• [DESCRIPTION OF THE TASK]: Output range, inclusive: from the line containing "Manor Park Wood" to the line containing "pole not included". Restate those lines from the data below word for word and only those.

++++ SUPPLIED RECORDS ++++

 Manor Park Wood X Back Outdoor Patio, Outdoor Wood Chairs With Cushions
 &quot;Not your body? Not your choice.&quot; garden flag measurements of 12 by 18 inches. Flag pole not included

++++
++++ SUPPLIED RECORDS ++++

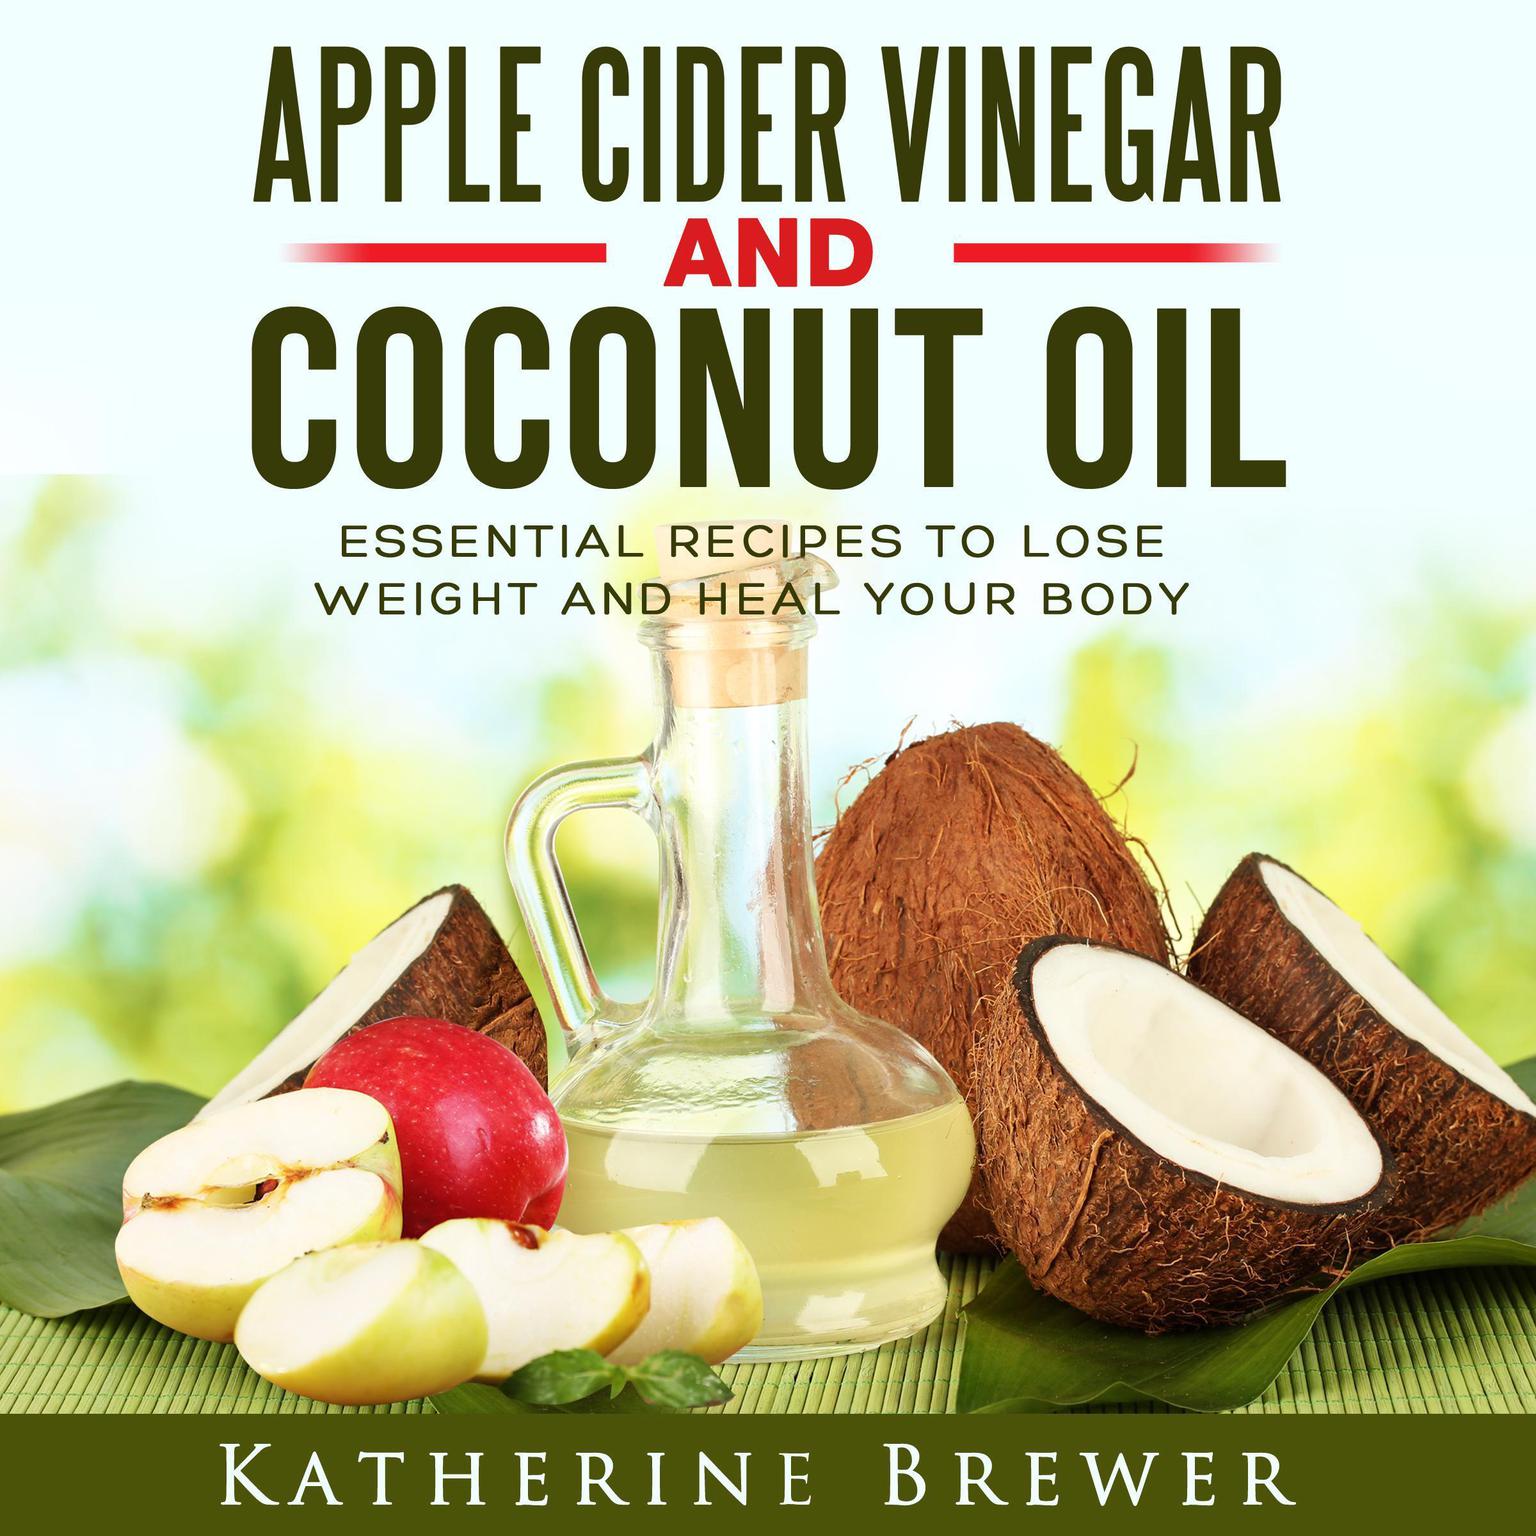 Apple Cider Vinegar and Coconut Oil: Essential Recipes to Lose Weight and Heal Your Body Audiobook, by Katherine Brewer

++++

• [WORKED SOLUTION]:
 Manor Park Wood X Back Outdoor Patio, Outdoor Wood Chairs With Cushions
 &quot;Not your body? Not your choice.&quot; garden flag measurements of 12 by 18 inches. Flag pole not included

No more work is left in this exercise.